Ginny stöhnte mit jedem Stoß lauter. Es war so anders als das, das sie mit Harry erlebt hatte. Harry war hart und schnell vorgegangen, Draco war sanft und langsam. Ginny hob gleichzeitig mit Dracos Stößen ihre Hüften an und begann, seinen Namen zu stöhnen. Bald war sie komplett in diesem Augenblick verloren. Alles brach davon, es gab nur mehr sie und Draco. Ginny kam eine Sekunde vor Draco zum Höhepunkt und sie hauchte seinen Namen, während sie ihre Nägel in seinem Rücken vergrub.

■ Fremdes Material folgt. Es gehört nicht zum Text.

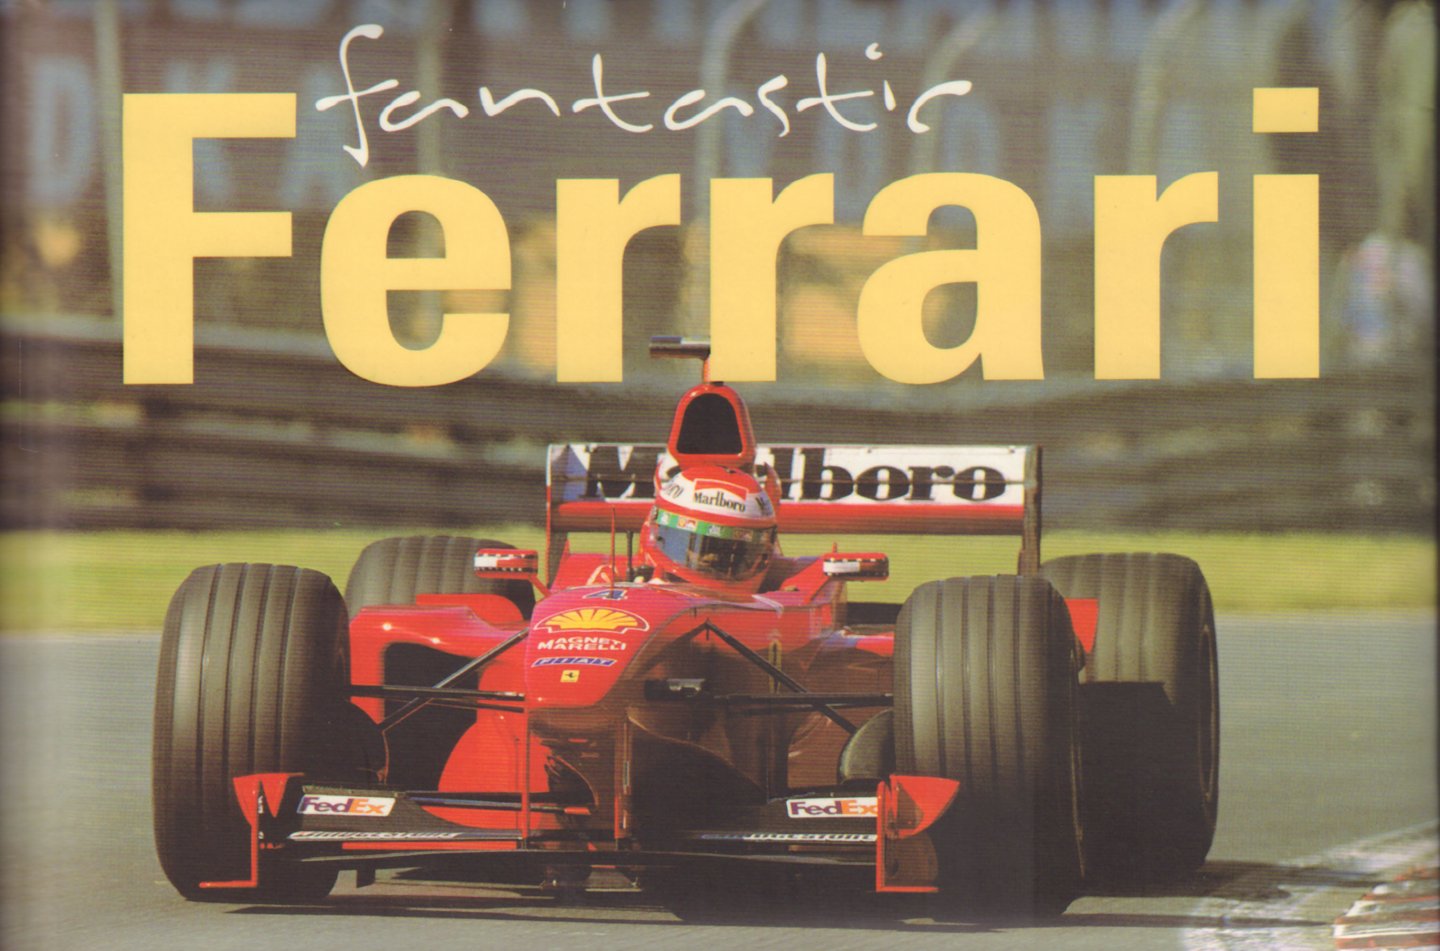 D'Alessio, Paolo - Fantastic Ferrari ( Rijkelijk geillustreerd met vele foto`s o.a. historische in kleur en zwart - wit), kleine hardcover, gave staat

Draco brach auf Ginny zusammen und verteilte sanfte Küsse auf ihrer Brust. Langsam kletterte er von ihr herunter und zog die Decke hoch. Ginny kletterte darunter, kuschelte sich an Draco und seufzte zufrieden. Keiner von ihnen sprach, denn es war nicht notwendig. Sie wussten beide, was der Andere dachte, ohne dass ein Wort gesagt wurde.

Ginny schlief friedvoll in Dracos Armen ein. Draco sah ihr zu, wie ihre Brust sich mit ihren Atemzügen hob und senkte. Er konnte nicht glauben, dass der Engel in seinen Armen wirklich zu ihm gehörte.

"Ich liebe dich", flüsterte Draco zu dem schlafenden Rotschopf, bevor er selbst in den Schlaf driftete.